Collected data Block Start
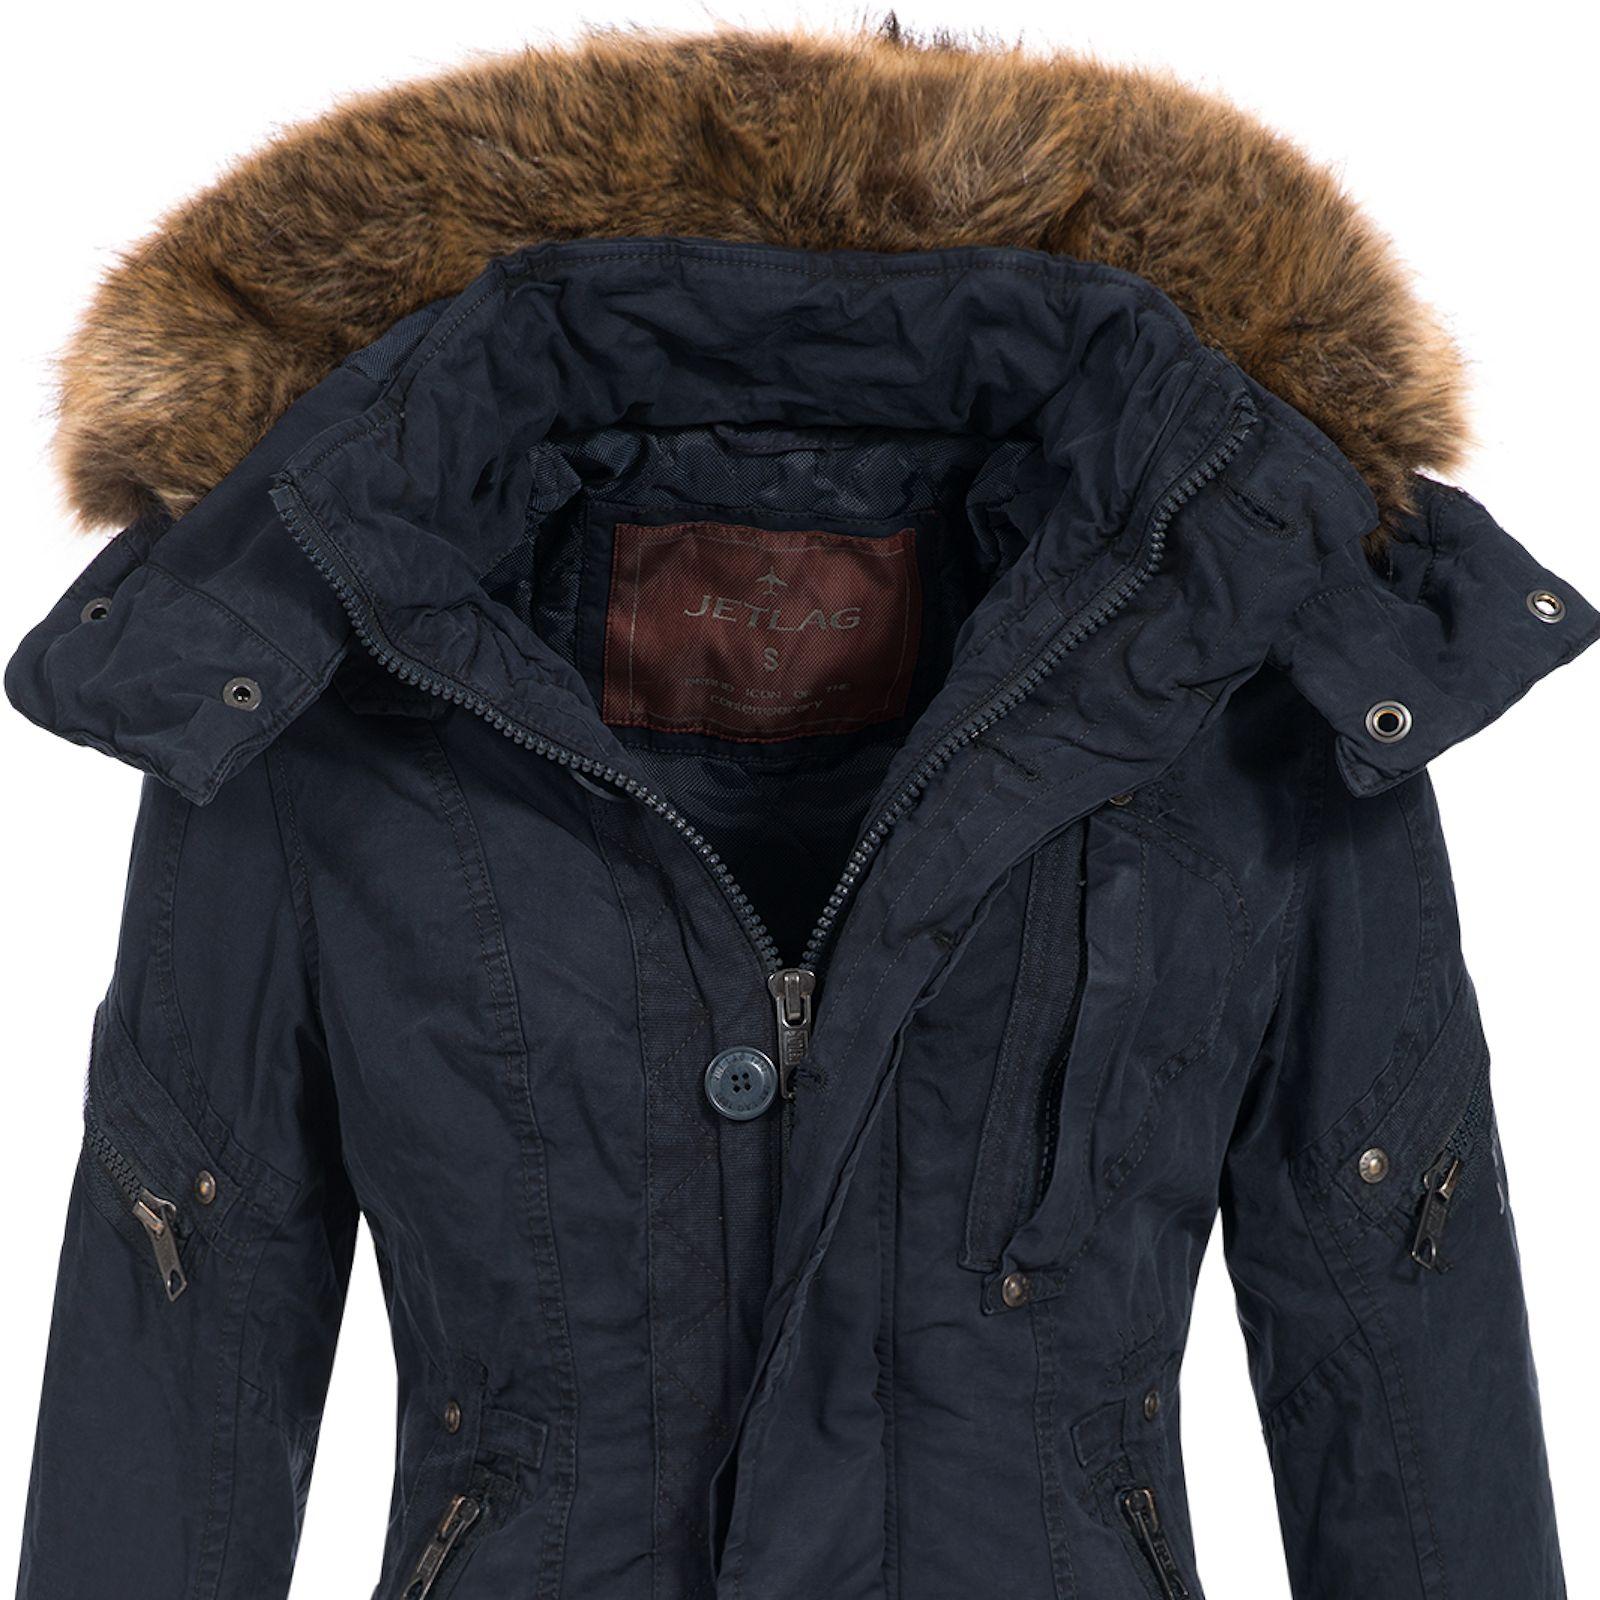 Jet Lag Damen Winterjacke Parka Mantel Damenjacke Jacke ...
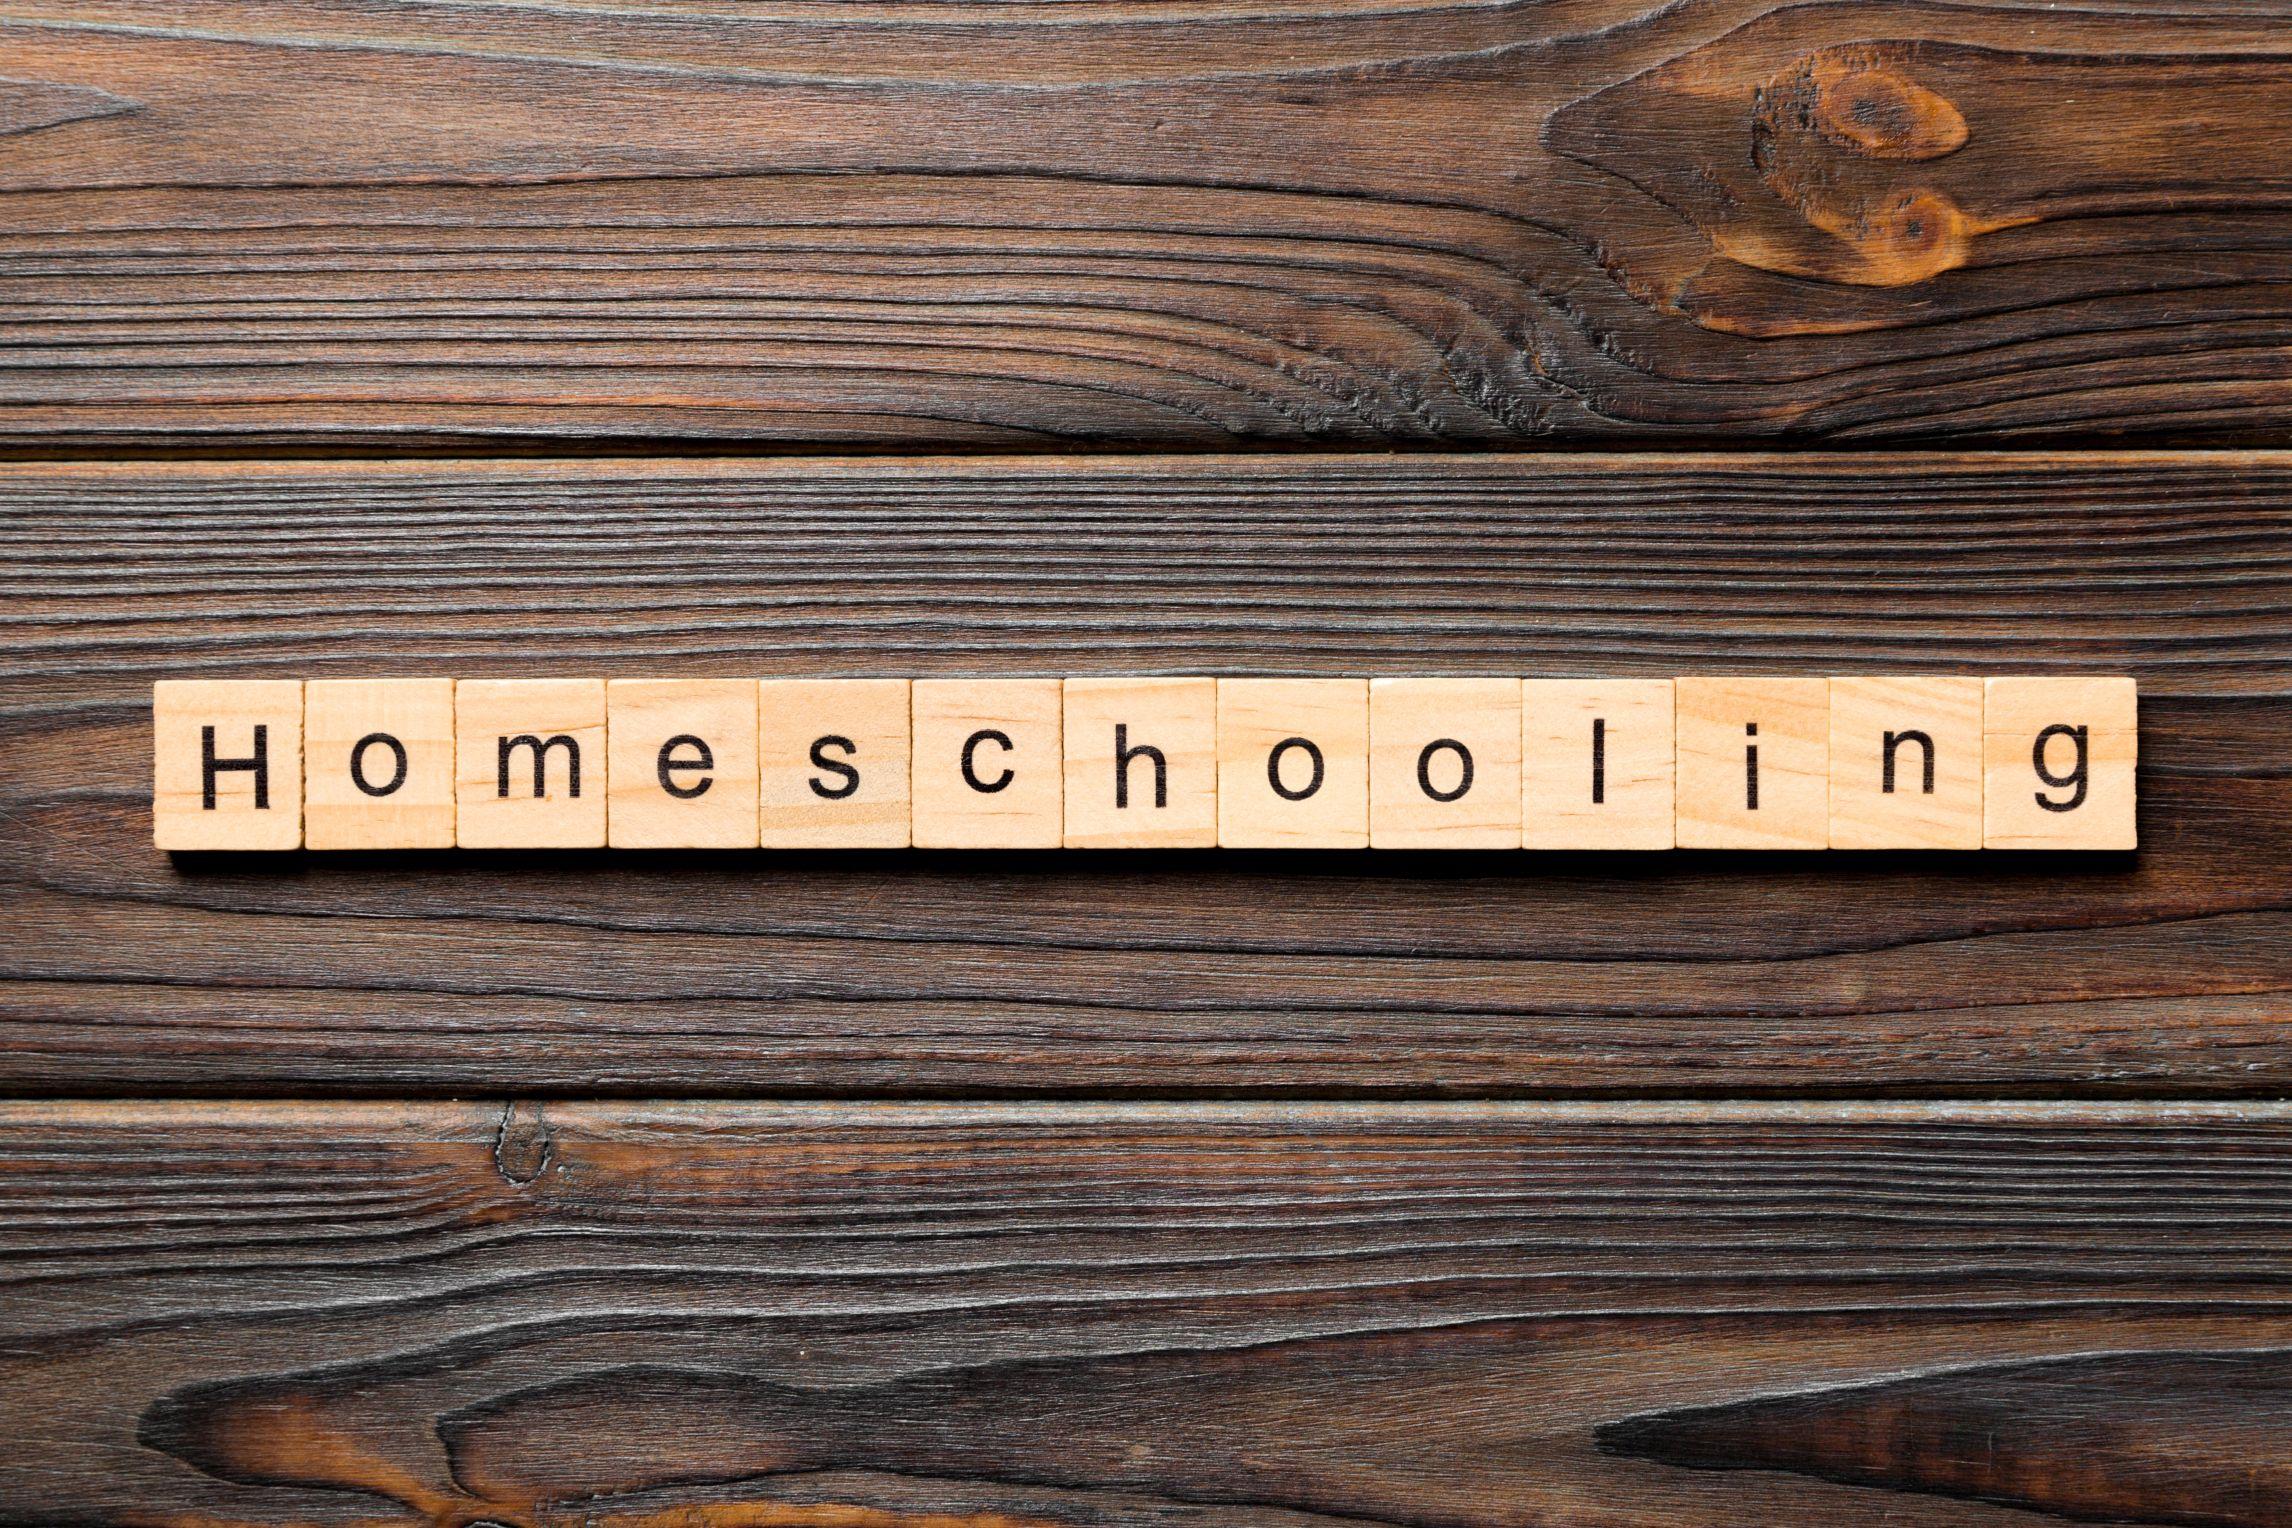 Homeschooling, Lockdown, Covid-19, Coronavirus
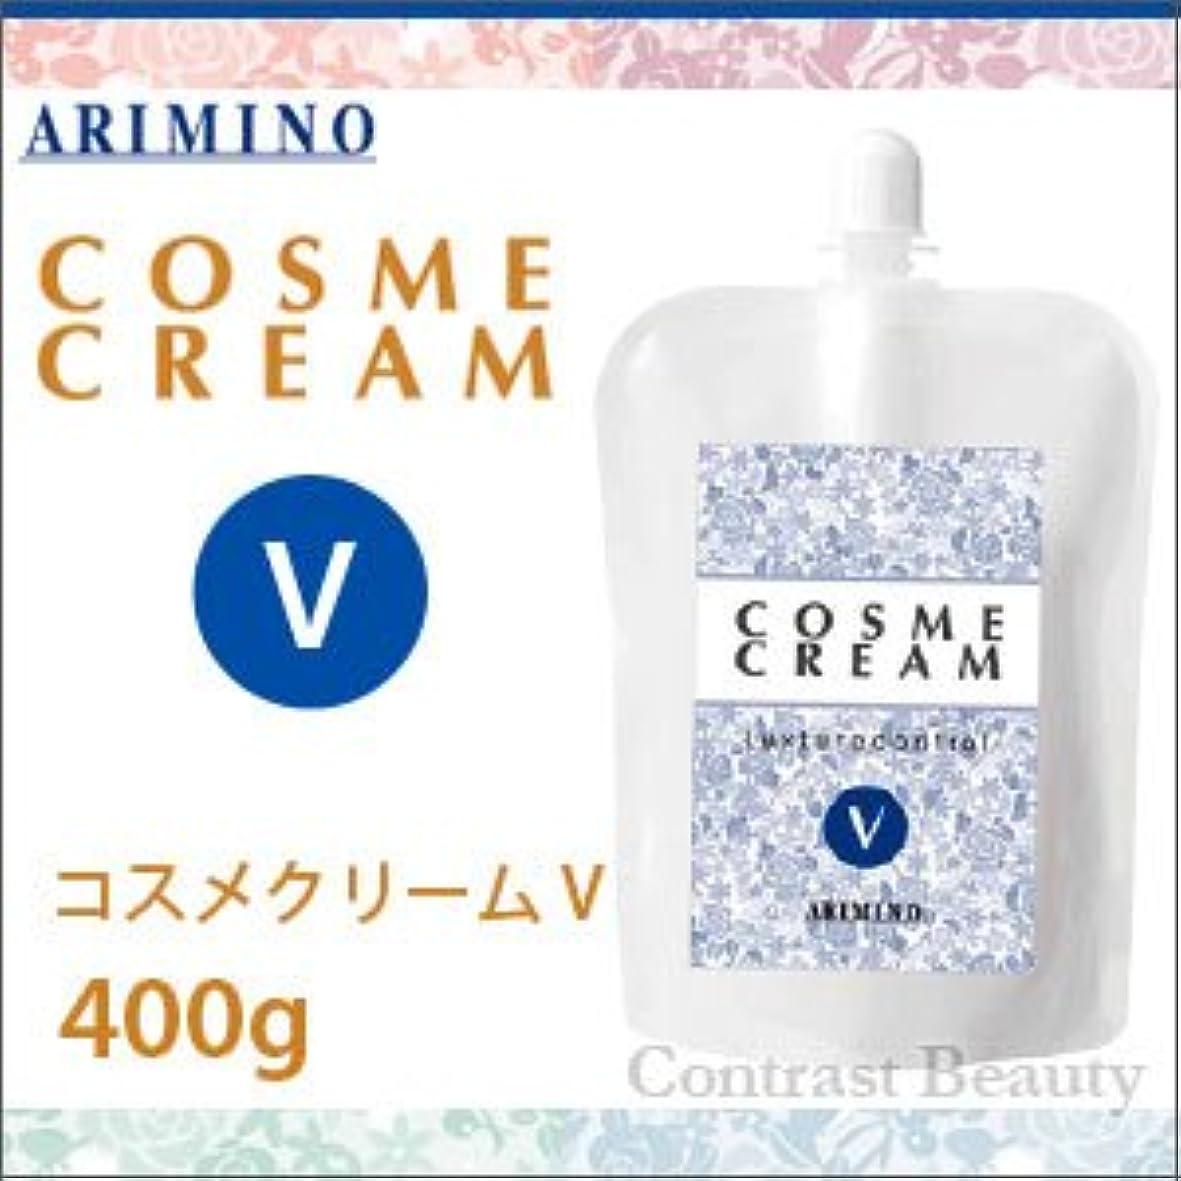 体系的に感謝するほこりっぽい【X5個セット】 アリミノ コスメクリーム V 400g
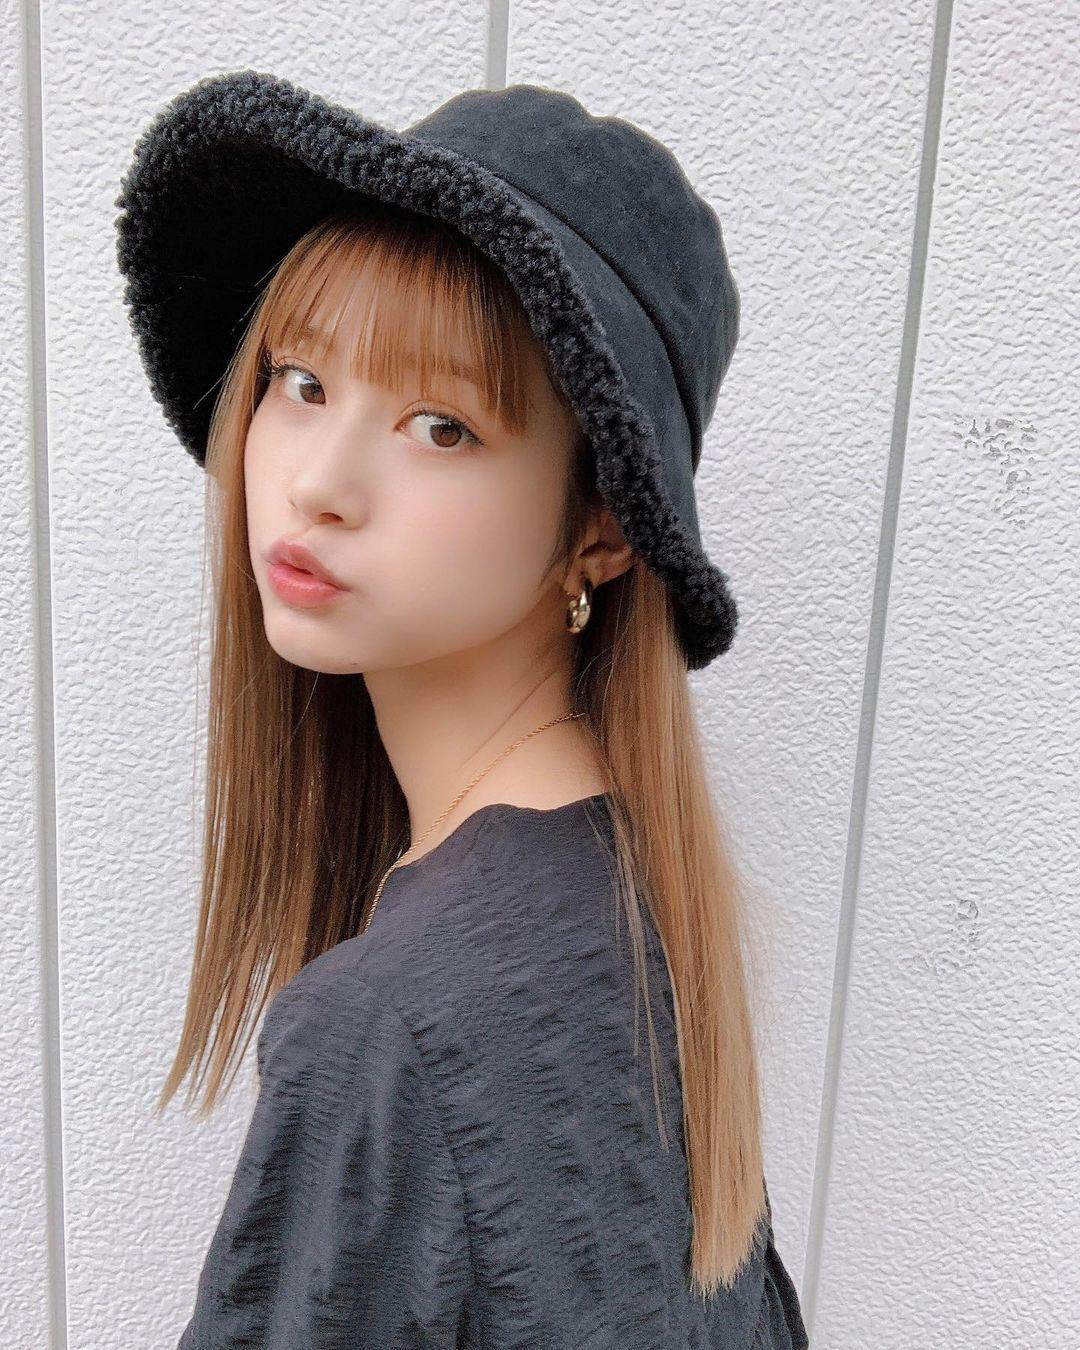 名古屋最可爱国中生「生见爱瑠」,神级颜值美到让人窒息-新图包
Collected data Block End
This task calls for the lines from the line containing "Homeschooling, Lockdown, Covid-19, Coronavirus" through the end of the listing, set down exactly and only, with pictures omitted.

 Homeschooling, Lockdown, Covid-19, Coronavirus
 体系的に感謝するほこりっぽい【X5個セット】 アリミノ コスメクリーム V 400g
 名古屋最可爱国中生「生见爱瑠」,神级颜值美到让人窒息-新图包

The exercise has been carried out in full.